As what comes to declaring classes within functions, the same rules kind of apply. You can’t use function name as parth of the dot notation, to point to a class or nested function. Even though the issue would not be reference-based at runtime (procedures get their fixed location within ASM at compiling time). It’s about the syntax and whether or not it’s allowed to do inconsistent/logically wrong things. Function references within the source code should always contain a set of brackets – which itself satisfies the member access operator (dot) because such a token will be identified as value evaluation.
A structure or enum cannot be declared within the Block or Method context
First of all, being unable to declare structures within procedures, but still being able to do so outside (which the function could use), made no sence to be. There shouldn’t be any restrictions becasue you can declare variables normally. Only so that the new structure/enum would be visible locally within the method scope. Some rules that were explained above still apply, but I think I have come up with a better explanation. Picture this: You have a structure called “myStruct” within a class context. Then you have a method that takes a typed variable (myStruct) in as a parameter. Because the scope has now changed, you can declare another structure that has the same name within the method. When the source code gets parsed for the first time, all identifier definitions are scanned. While it wouldn’t normally matter where you have the structures defined and still being able to use them from anywhere within its scope, it just happens that variables are identifiers, too. So they get scanned in the same way. You *could* do multiple passes for the source code to scan in layers, but in OOP this can be a bit problematic and slow. So in this scenario, you can define a variable as “myStruct” before and after the inner Structure is declared.

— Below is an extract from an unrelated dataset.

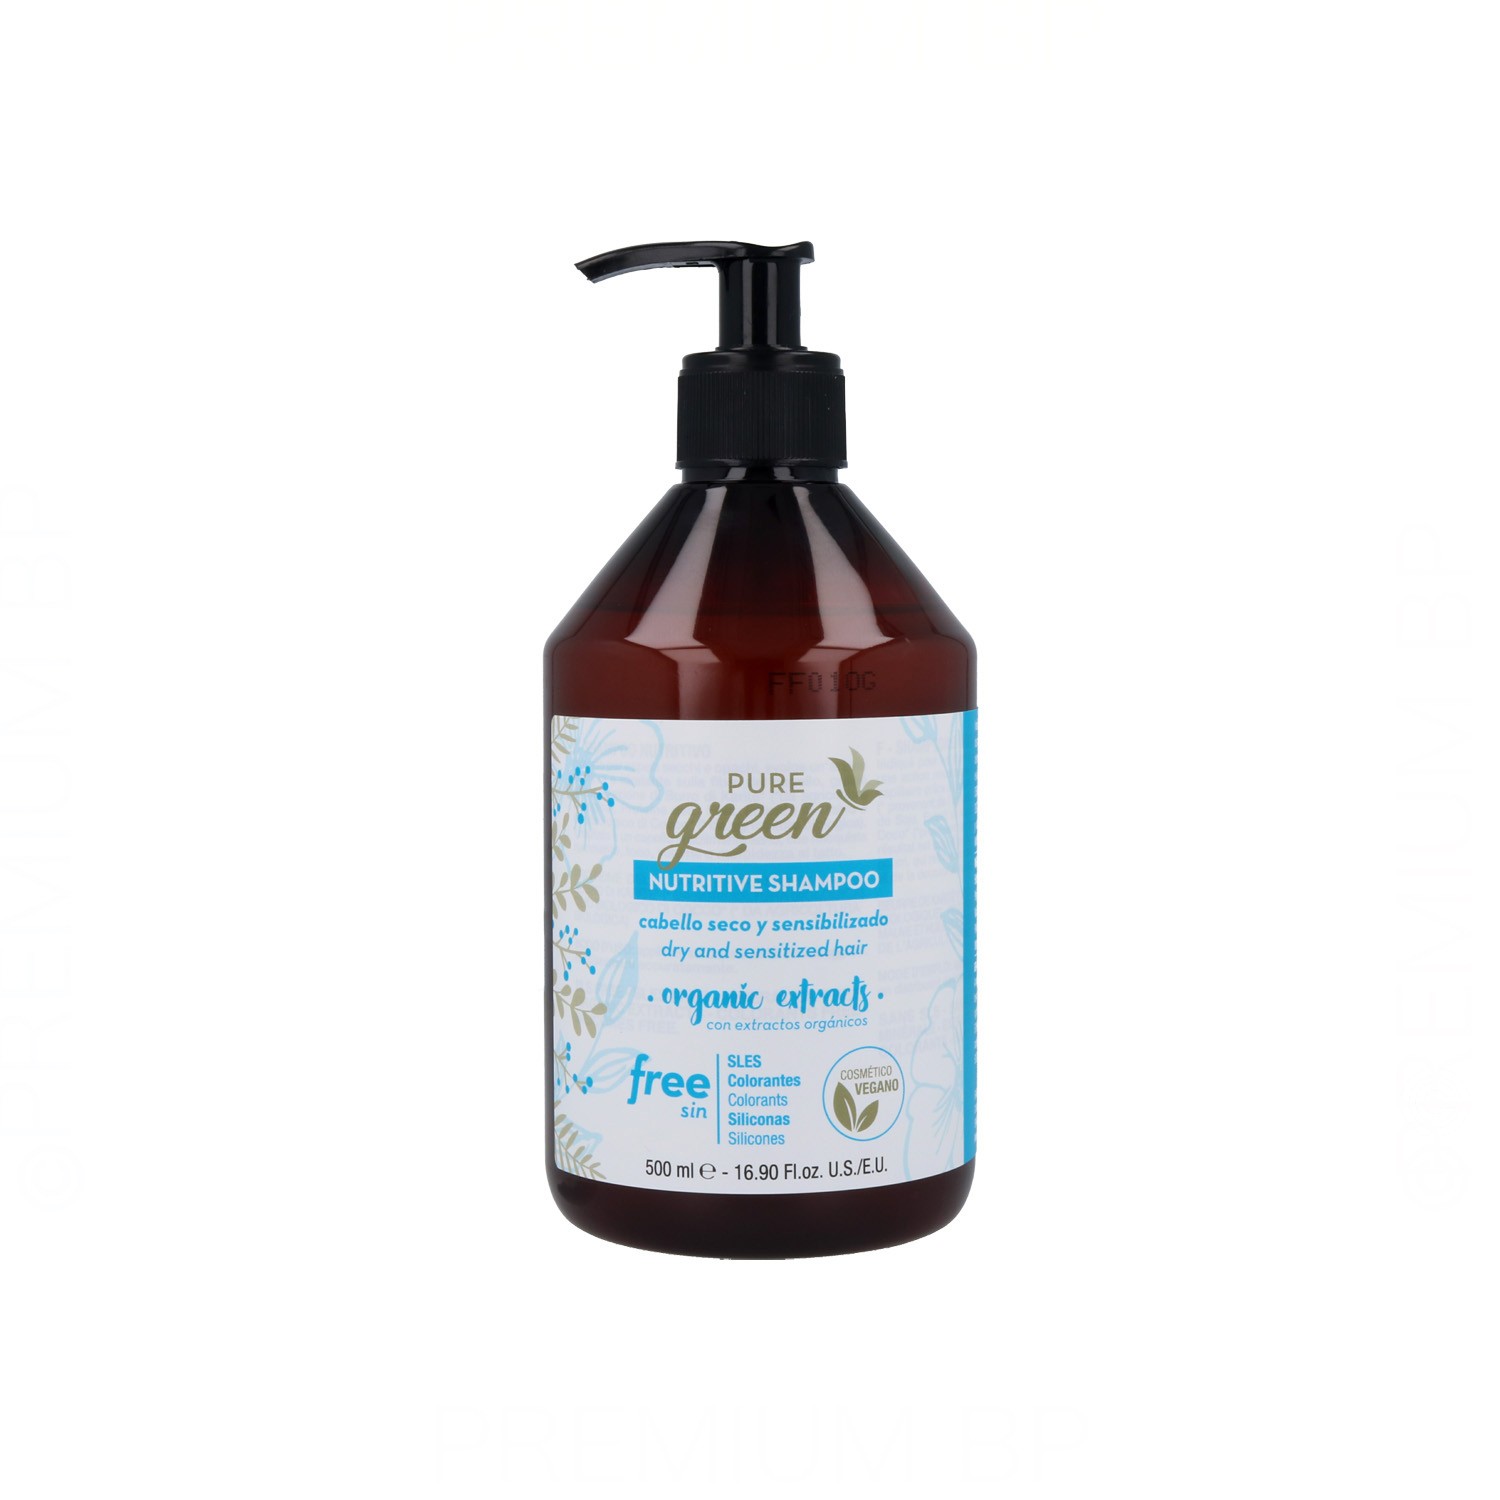 Pure Green Nutritive Shampoo 500 ml

Which means we have two different types for those variables even though they were typed using the same name. Confusing, eh?
Conclusion
When you think about it, the answer to all these problems could be the simplest one: They don’t want you to write structural definitions (such as structures, enums, functions or classes) to a code block which has executable code part (and thus no no declaration part that is separate). The basic priciple is that everything belong to their little boxes, and only access modifiers, inheritance and shadowing rule out information hiding and reach because they work in both ways in the program hierarchy. I think there’s enough reason already to conclude this think-tank into following the rules the wise guys at Microsoft have agreed upon, and not to allow nested functions in CoolBasic V3.